El sábado por la tarde recibe una
llamada urgente de Los Angeles. Algo terrible acaba de ocurrir en la
casa de Cielo Drive. El peso de la culpa por no haber estado en casa
mientras su mujer y varios amigos eran asesinados le acompañará toda la
vida.
Los asesinatos de Cielo Drive
La policía llegó tras la llamada de la
aterrorizada señora de la limpieza, que encontró los cuerpos la mañana
del 9 de agosto de 1969. Sharon Tate y Jay Sebring, su exnovio y famoso peluquero de Hollywood, estaban en el salón, atados el uno al otro por una soga. Wojciech Frykowski, amigo de Polanski, y su novia Abigail Folger yacían en el jardín. A Steven Parent
la muerte lo sorprendió nada más entrar en su coche. Volvía a casa tras
visitar al vecino del matrimonio Polanski, pero se topó con los
asesinos justo cuando estos saltaban la verja y se adentraban en la
propiedad. Fue la primera víctima. Todas ellas habían sido disparadas o
acuchilladas decenas de veces. La palabra “pig” (“cerdo”) estaba escrita con sangre en la puerta principal.

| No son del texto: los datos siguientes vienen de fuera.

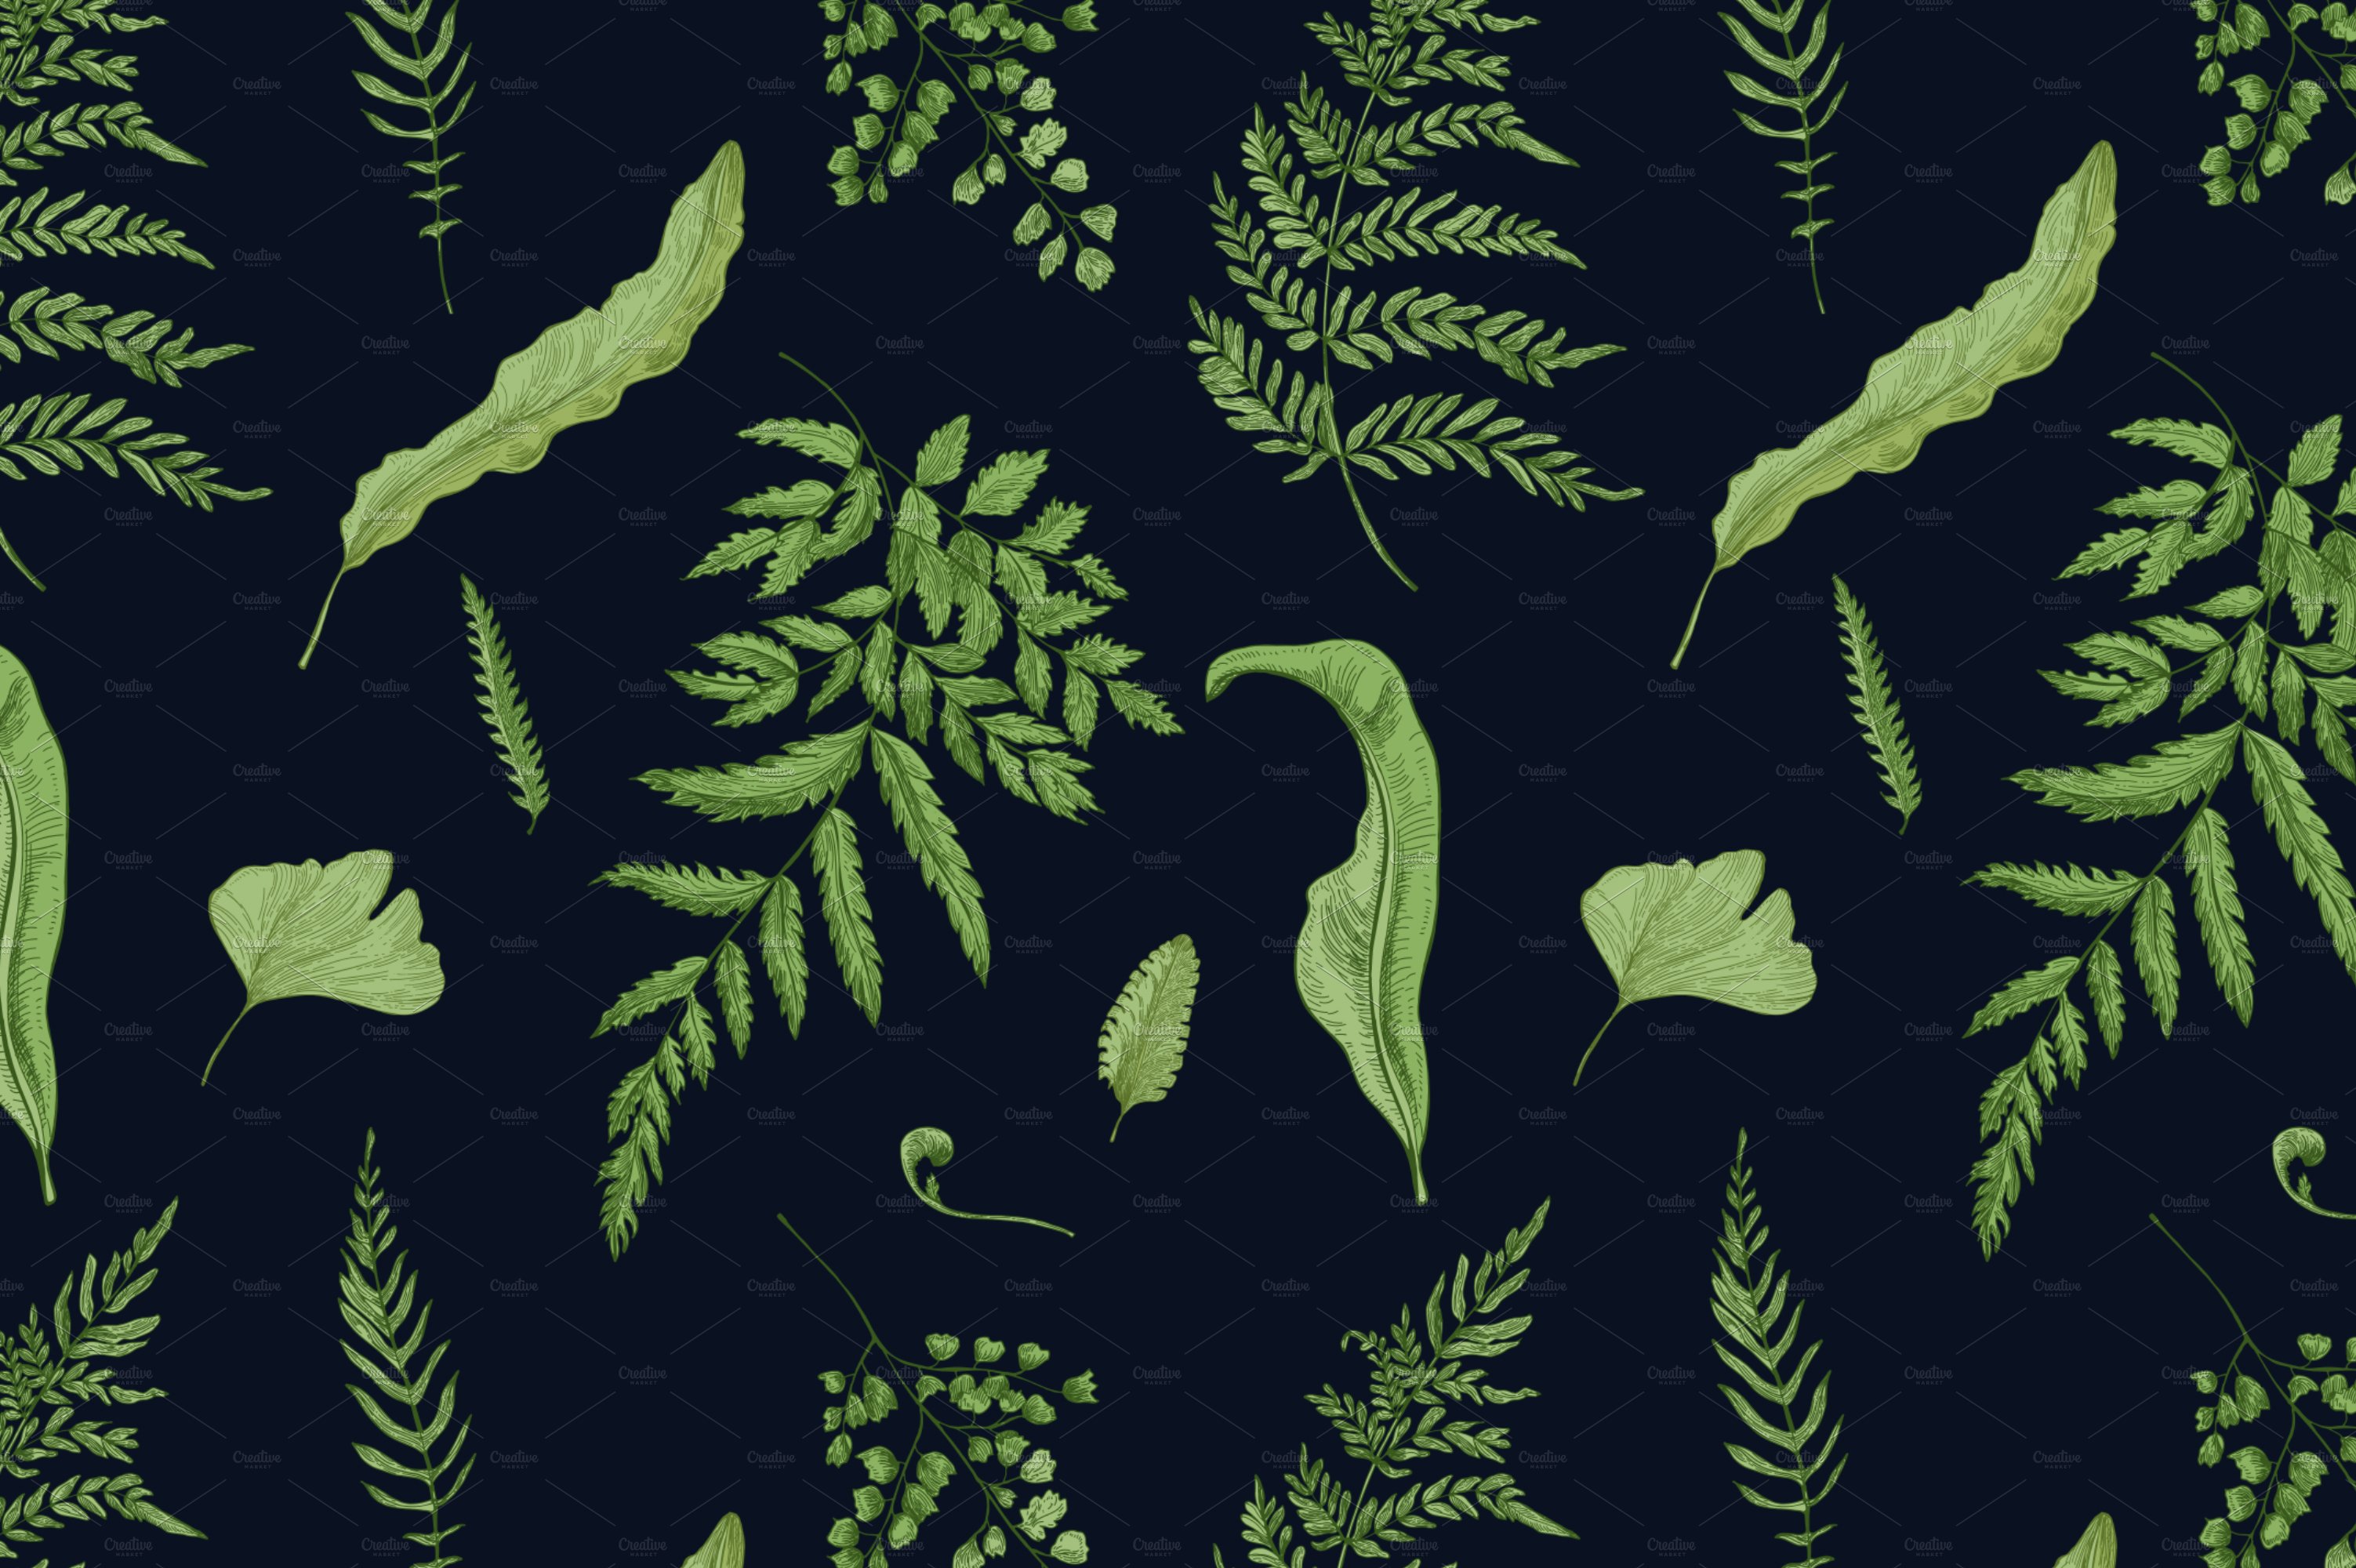 Pattern of green leaves on a black background.

Dado que se tardó varias semanas en dar
con los culpables, la prensa se entregó a todo tipo de especulaciones y
alusiones a magia negra, drogas y orgías con desconocidos recogidos en
la calle y llevados a casa de los Polanski, a modo de velada crítica
hacia el presunto extravagante estilo de vida de las víctimas que las
culpaba, en parte, de su propia muerte. Todo parecía una estrategia para
mitigar el pánico que se apoderó de la zona, mayor aún cuando la noche
siguiente se produjo un nuevo crimen en casa de un tranquilo matrimonio
de mediana edad, los LaBianca, esta vez con las palabras “Rise“, “Death to pigs” y “Helter Skelter”
escritas con sangre en la nevera. Si existía un modo de culpar en parte
de lo sucedido a las extrañas costumbres de las víctimas del 10050 de
Cielo Drive, el resto de los vecinos podría dormir más tranquilo.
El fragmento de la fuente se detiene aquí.